In hopes to amend his own actions when he was 15, Fakhri—a brilliant but violent student—was admitted to KUDRAT. However, after uncovering the secrets behind the traditions of the school, he unknowingly becomes the main target of the students who aim to protect the "High Council" hierarchy. Fakhri joins the "pilihanraya" ring to determine the "KAPLA" of the school, in hopes to stop the injustice and abuse of power among the students

==Cast==

===Main===
- Mierul Aiman as Fakhri, Naim's younger brother and new student at KUDRAT
- Nadhir Nasar as Naim, Fakhri's older brother
- Amir Ahnaf as Kahar, the KAPLA (Ketua Asrama Pelajar Lelaki Atasan) or Senior Male Dormitory Student, main antagonist and Fakhri and Naim's senior
- Naim Daniel as Ayam, a soft-spoken KUDRAT student
- Kahoe Hon as Jayden
- Daiyan Trisha as Mia, Naim's lover and daughter of a canteen operator

===Supporting===
- Ameer Asyraf as Fahmi (Note: Also served as lead choreographer and coordinator)
- Yusof Hashim as Amirr, (Note: The name Amirr was inspired by the directors name, Amirr Shahlen) Naim's best friend
- Fazziq Muqris as Zahrin
- Sathisvaran as Prakash
- Fadhli Masoot as Hakeem, KAPLA Interim
- Nik Rifaie as Black
- Hazeeq Dean as Ariz
- Aida Aris as Idah, Fakhri and Naim's mother
- Azhar Sulaiman as Firdaus Ismet, Fakhri dan Naim's father
- Ben Tan as Mr. Sin, KUDRAT warden
- Sazzy Falak as Ms. Faniza, Form 4 English teacher
- Muhammad Faizal as MA
- Hushairy Hussein as Dato' Abu Yamin, Kahars father
- Hasnul Rahmat as Sir Yusof, KUDRAT principal
- Edika Yusof as Harun Jasni, Naim and Fakhri's stepfather

===Guests===
- Danish Zamri as young Fakhri
- Syed Irfan sebagai young Naim
- Muzayyin Mahyuddin as Ikhsan
- Shasha Abedul as Mia's friend, a canteen worker
- Sathiya as Prakash's father
- Danish Hazriq as Danial, a student who's always bullied by Ariz

==Episodes==

| No. | Title | Premiere date on Astro GO | Premiere date on Astro Ria |
|---|---|---|---|
| 1 | "Manifesto" | 14 January 2023 | 23 January 2023 |
| 2 | "Of Mice and Men" | 21 January 2023 | 30 January 2023 |
| 3 | "Bad Roots" | 28 January 2023 | 6 February 2023 |
| 4 | "Laid Bare" | 4 February 2023 | 13 February 2023 |
| 5 | "Ashes to Ashes" | 11 February 2023 | 20 February 2023 |
| 6 | "Predators" | 18 February 2023 | 27 February 2023 |
| 7 | "Power Trip" | 25 February 2023 | 6 March 2023 |
| 8 | "Kingdom of Flies" | 4 March 2023 | 13 March 2023 |
| 9 | "Parallels" | 11 March 2023 | 20 March 2023 |
| 10 | "Men Don't Cry" | 18 March 2023 | 27 March 2023 |

== Production ==
Production began mid 2022 after pre-production which had started for almost a year. Nadhir Nasar and Daiyan Trisha, who worked on Projek: Anchor SPM, return but reprised different roles.

==Soundtrack==
Projek: High Council features two theme songs titled "Test Drive" sung by Firdaus Rahmat and written by Iqie Hugh, Firdaus himself and Omar K and produced by World Peace Entertaiment. "KUDRAT" was sung by Sekumpulan Orang Gila and Naim Daniel, written by Raja Nazrin Shah, Raja Nazmin Shah (Adek) and Naim himself.
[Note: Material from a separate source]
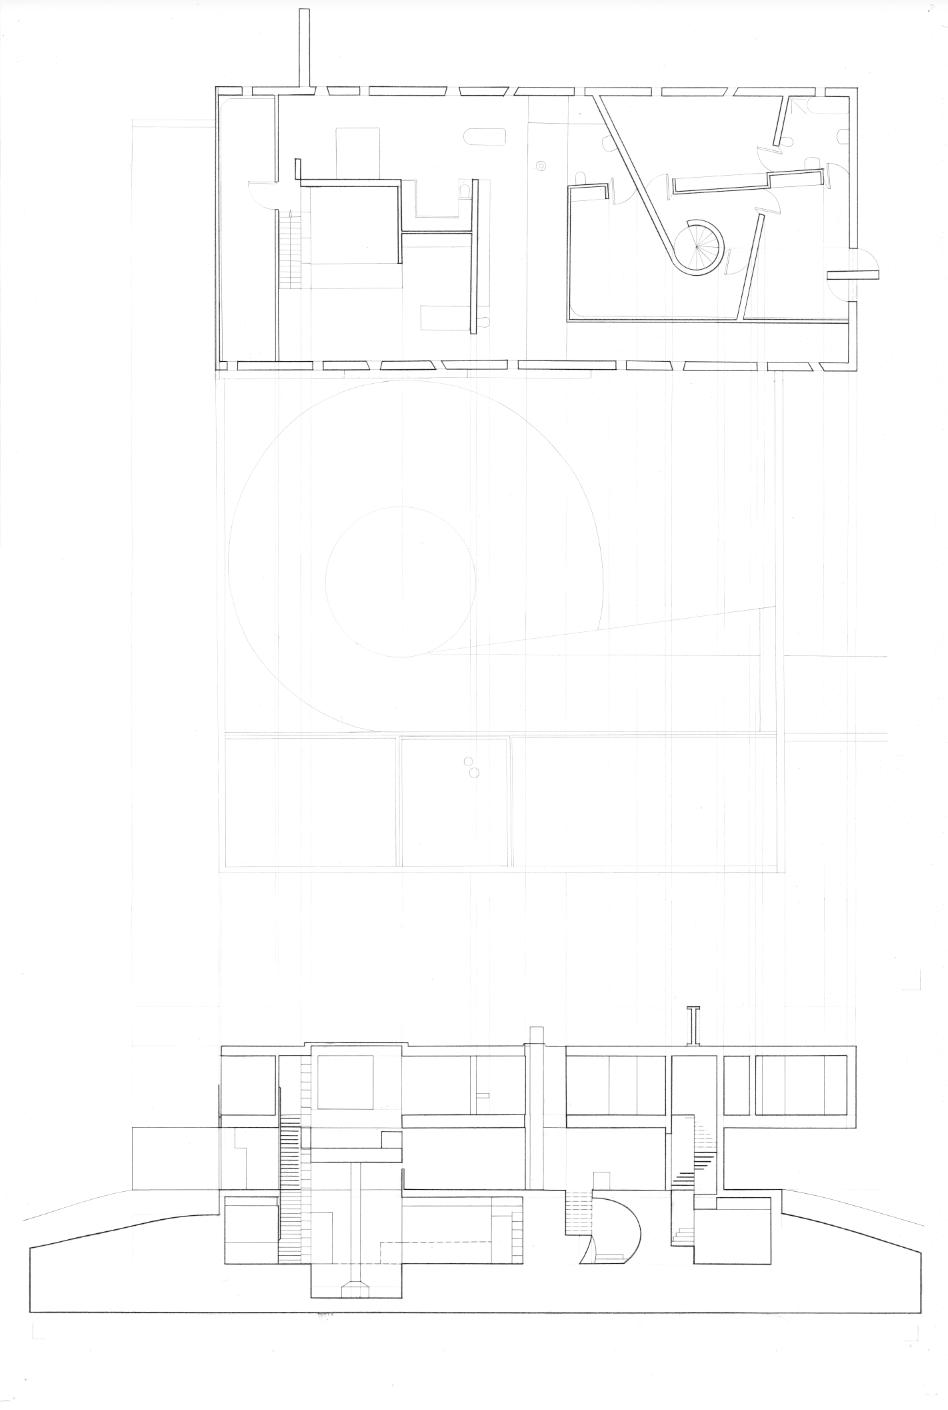 Third Floor Plan; Longitudinal Section

| No. | Title | Writer(s) | Length |
|---|---|---|---|
| 1. | "Test Drive" (Firdaus Rahmat) | Iqie Hugh, Firdaus Rahmat, Omar K | 3:44 |
| 2. | "KUDRAT" (Sekumpulan Orang Gila and Naim Daniel) | Raja Nazrin Shah, Raja Nazmin Shah, Naim Daniel | 3:35 |
| Total length: |  |  | 7:19 |

== Release ==
Projek: High Council premiered on Astro GO starting on January 14, 2023 every Saturday, while on Astro Ria, the series premiered on January 23 every Monday. The series was also premiered on Netflix starting 11 March 2024.

== Controversies ==
Projek: High Council received criticism from Public Health Malaysia (PHM), a Malaysian public health advocacy think tank, from a tweet on Twitter who said there were too many depictions of smoking and overdramatization in the series. Apart from that, PHM said if there were any ‘mythic beings’ who asked the production crew to add the excessive amount of smoking scenes. Naim Daniel responded to the issue.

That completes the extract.